Dalam biografi Agus Salim disebutkan, pada tahun 1906 bersamaan dengan
gagalnya dia melanjutkan sekolah, beliau mendapatkan tawaran kerja
sebagai penerjemah di konsulat Belanda di Jeddah, Arab Saudi. Beliau
menerima pekerjaan tersebut dalam kurun waktu 2 tahun antara tahun 1909
sampai 1911. Disela-sela pekerjaannya, beliau menimba ilmu lebih jauh
tentang agama Islam kepada Syech Ahmad Khatib, seorang Imam di Masjidil
Haram yang juga pamannya sendiri dan merupakan guru dari KH. Hasyim
Asy`ari pendiri NU dan KH. Ahmad dahlan Pendiri Muhammadiyah. Selain
belajar agama, beliau juga belajar mengenai ilmu diplomasi dan politik.
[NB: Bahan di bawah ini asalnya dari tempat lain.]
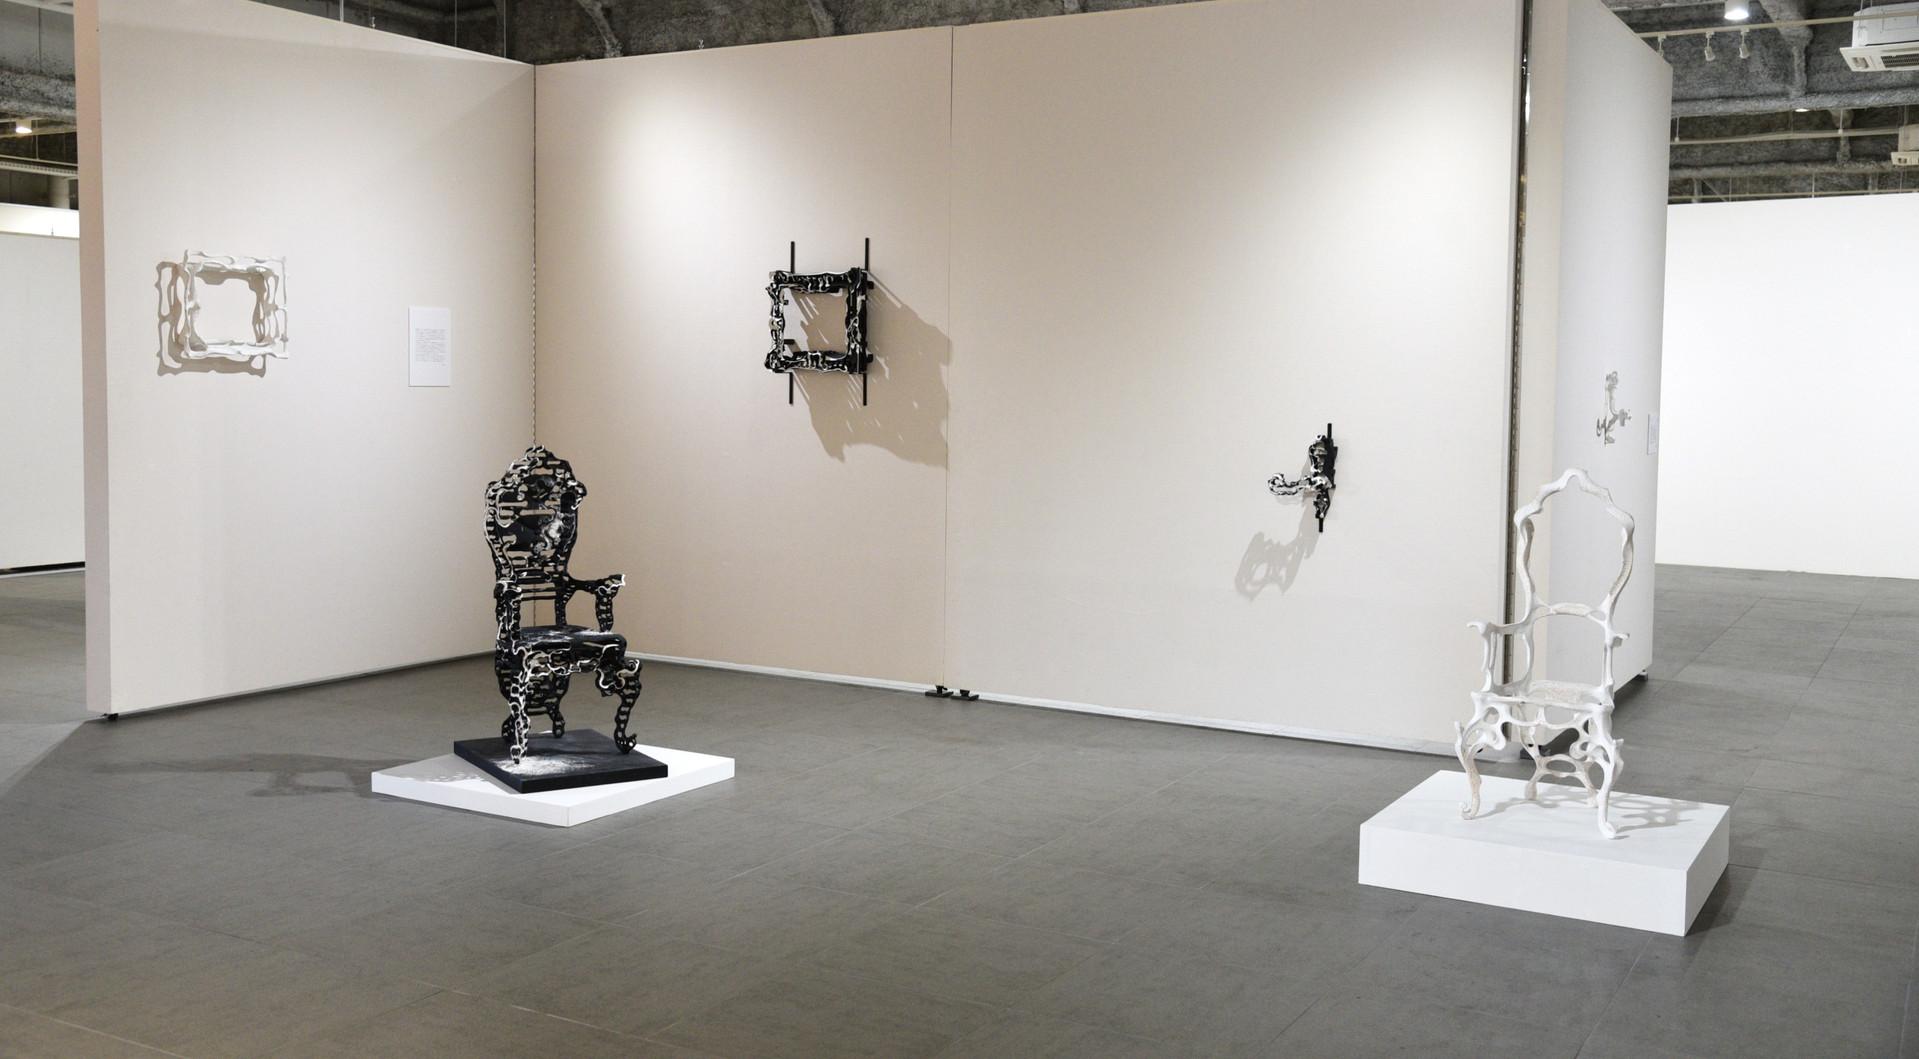 「OPEN STUDIO 2019」 exhibition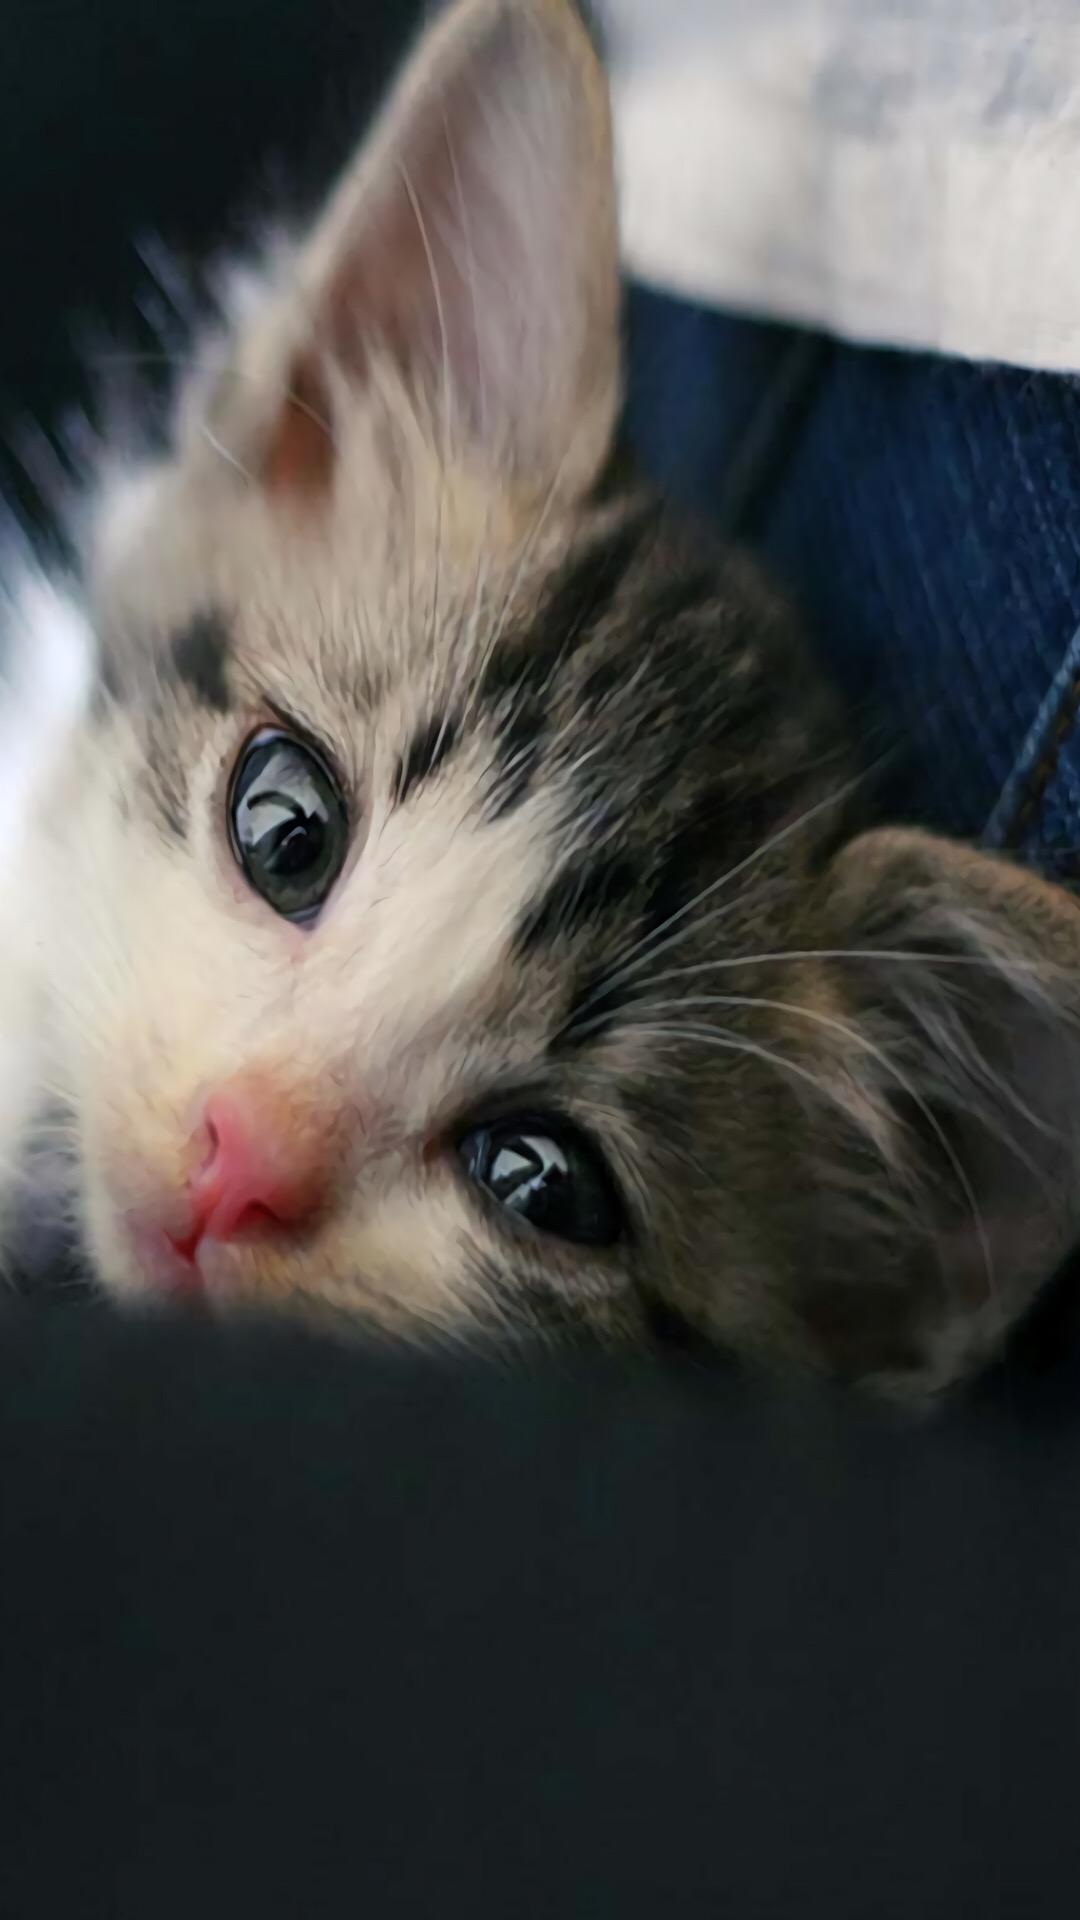 【v粉壁纸】萌宠小猫可爱高清手机壁纸1

Perpaduan ketajaman ilmu Agama, ilmu Politik, Kemampuan Bahasa asing dan
kecerdasannya yang tinggi membuatnya menjadi pribadi yang disegani.
Saat pulang ke tanah air, beliau langsung aktif dalam pergerakan
nasional dan juga mendirikan Sekolah HIS (Hollandsche Inlandesche
School.
Melanjutkan biografi Agus Salim, perjuangan politiknya diawali saat
bergabung dengan Serikat Islam pada tahun 1915 yang dipimpin oleh HOS
Tjokroaminoto dan Abdul Muis. Beliau sempat menjadi anggota Volksraad (
semacam DPR/MPR) dari perwakilan SI di pemerintah Hindia Belanda
menggantikan seniornya HOS Tjokroaminoto dan Abdul Muis. Agus Salim
tidak bertahan lama dan mengalami kekecewaan atas kebijakan pemerintah
Hindia Belanda sebagaimana pendahulunya dan berkesimpulan berjuang dari
dalam tidak efektif hingga memutuskan focus berjuang melalui SI. Pada
tahun 1923 SI pecah secara ideolgi menjadi SI kiri atau SI merah yang
berideologikan ke ``kiri`` yang dipimpin oleh Semaun dan Darsono yang
menjadi cikal bakal PKI dengan SI kanan atau SI Putih yang berhaluan
ideology kanan, dimana Agus Salim tergabung didalamnya dengan
Tjokroaminoto. Agus Salim sering mendapat tuduhan sebagai mata-mata
Belanda, namun ditepisnya dengan keberaniannya untuk mengkritik
pemerintah Belanda melalui pidato-pidatonya. Agus Salim menjadi pimpinan
puncak SI menggantikan HOS Tjokroaminoto yang wafat pada tahun 1934.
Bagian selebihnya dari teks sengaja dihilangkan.